Correlations between self-esteem and feelings after imagining death, rejection, and graduation were all nonsignificant (-.08 < rs < -.11). Only feelings about being honored correlated with self-esteem, r = -.20, p < .05. (Perhaps persons with higher self-esteem are more accustomed to being honored and, thus, experience less positive affect in such situations.) Again, no support was obtained for a link between self-esteem and death-related anxiety.
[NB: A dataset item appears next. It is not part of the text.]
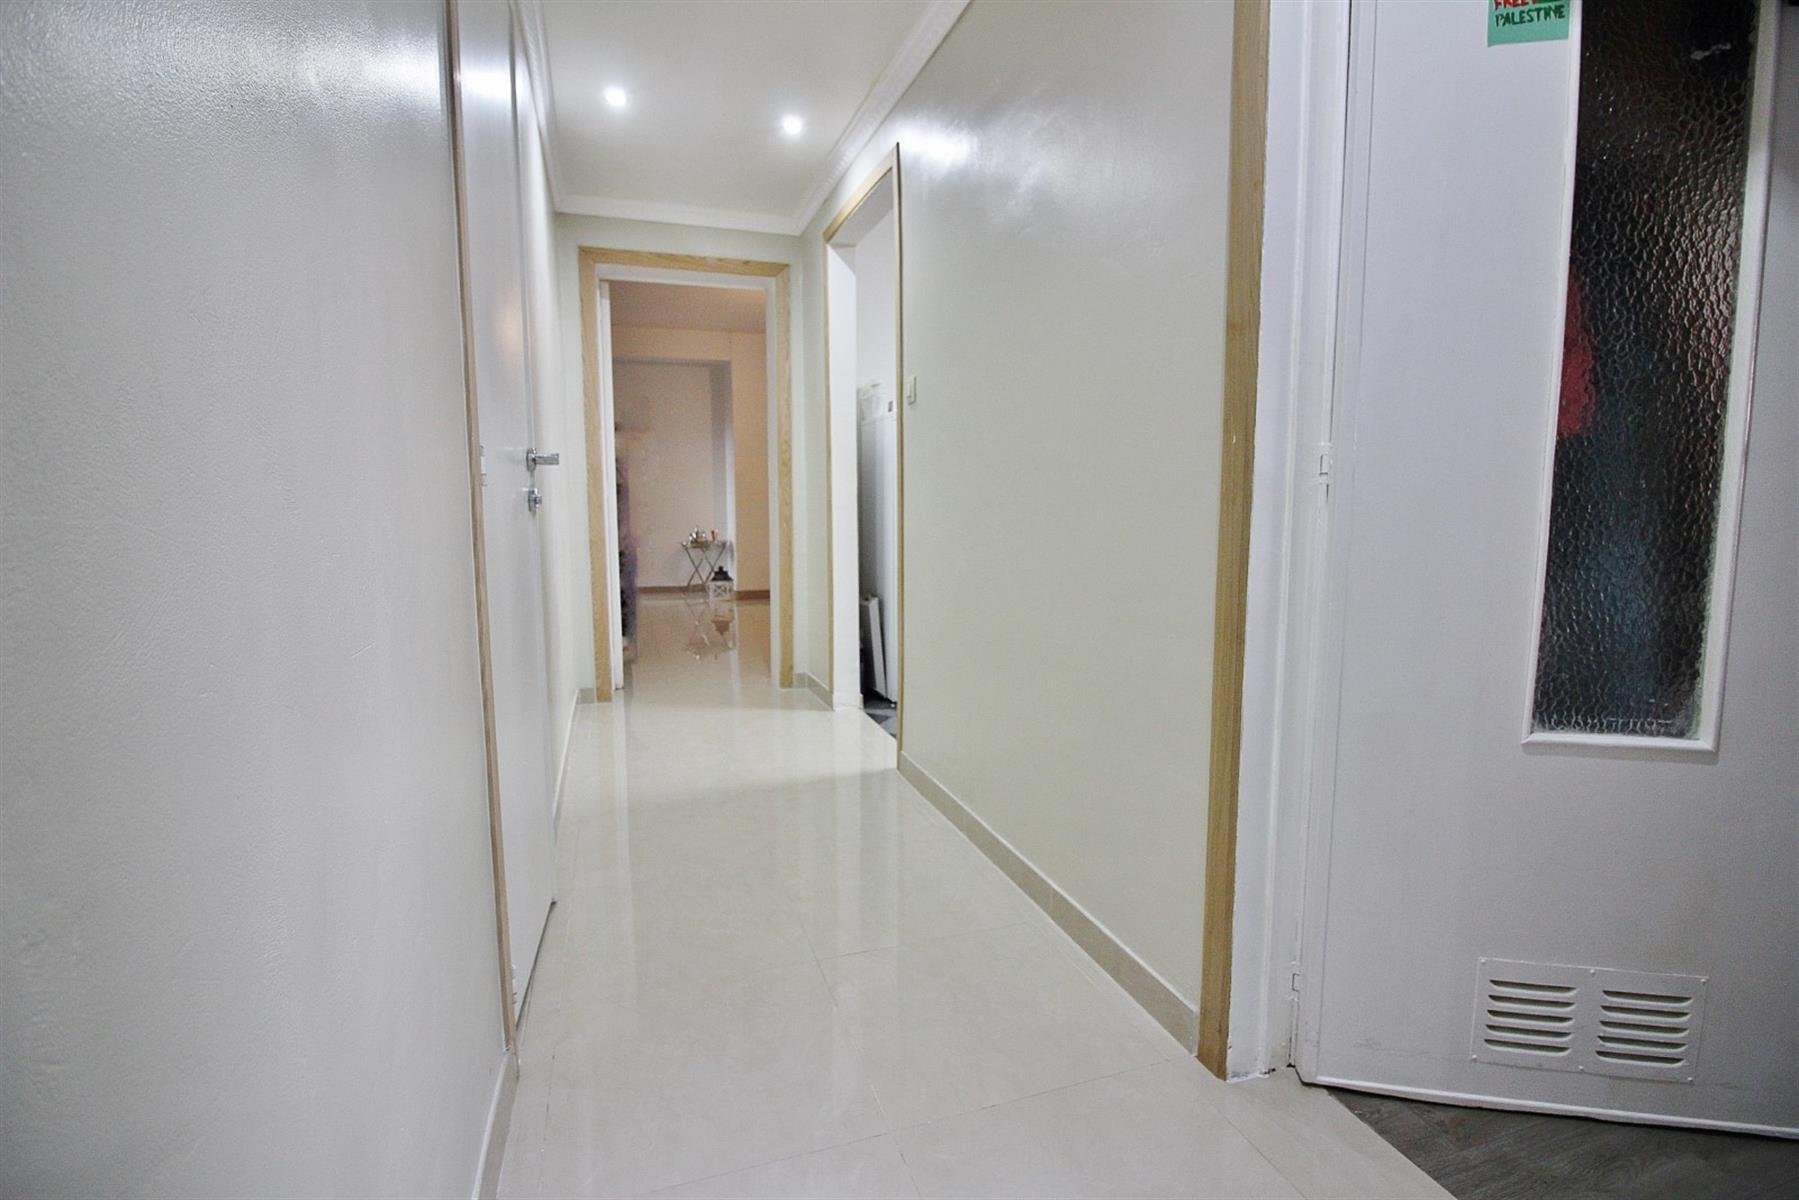 Appartement - Liege - #4394584-3

To test the possibility that self-esteem and feelings about death are related only in the face of an esteem-threatening event, two indices of success vs. failure were calculated. One involved the difference between the score participants expected on the exam and the score they obtained, and the other involved the difference between the minimum score with which participants would have been satisfied and the score they earned. In both cases, a positive difference reflected subjective failure, whereas a negative difference indicated subjective success. Both indices correlated highly with self-feelings (r = -.39 with the expected-obtained difference; r = -.60 with minimum-obtained difference), but neither index of subjective success-failure correlated with anxiety after imagining one’s death. Thus, this study obtained no evidence of a link between self-esteem and feelings about death either in general or after contemplating one's own death, and subjective failure on the test was unrelated to death anxiety.

Summary and Critique

Taken together, these four studies provide little support for a relationship between self-esteem and fear of death. A few negative correlations between self-esteem and death-related anxiety were obtained, but the effects involved fears stemming from uncertainty, loss of control, and pain rather than from death per se. Furthermore, the magnitude of the relationships were small, and analyses suggested that they were mediated by anxiety. In brief, the failure to obtain notable negative correlations between self-esteem and anxiety about death fails to support the hypothesis that high self-esteem buffers people against fears of death. Although each of the studies reported here has potential limitations, the failure to detect the predicted effect across four different studies using different methods and measures provides converging evidence that high self-esteem neither attenuates nor increases the fear of dying. Furthermore, the fact that all studies showed self-esteem to be related to other measures makes it unlikely that the null findings resulted from problems with the methods or measures used. It is also noteworthy that other research has failed to support the prediction that thinking about mortality leads people to bolster their self-esteem (Sowards, Moniz, & Harris, 1991). I wish to stress that these data are relevant only to the self-esteem hypothesis of TMT and do not in any way disconfirm other aspects of the theory. As noted, considerable research has supported the effects of mortality salience on judgments of people who violate cultural standards.

Sociometer Theory

Sociometer theory (Leary, 1999; Leary & Baumeister, 2000; Leary & Downs, 1995) offers an alternative interpersonal explanation of self-esteem, proposing that self-esteem responds to others’ evaluations because the self-esteem system evolved to monitor the degree to which other people accept vs. reject the individual. According to sociometer theory, the system monitors the social environment for cues indicating low or declining relational evaluation (e.g., disinterest, dislike, rejection) and warns the individual via lowered self-esteem when such cues are detected. Thus, events that lower self-esteem do so because they indicate low or declining acceptance. Furthermore, the theory suggests that people are not motivated to increase their self-esteem per se as has been typically assumed, but rather seek to increase their relational value and social acceptance. Self-esteem is simply the meter they use to gauge their success in doing so.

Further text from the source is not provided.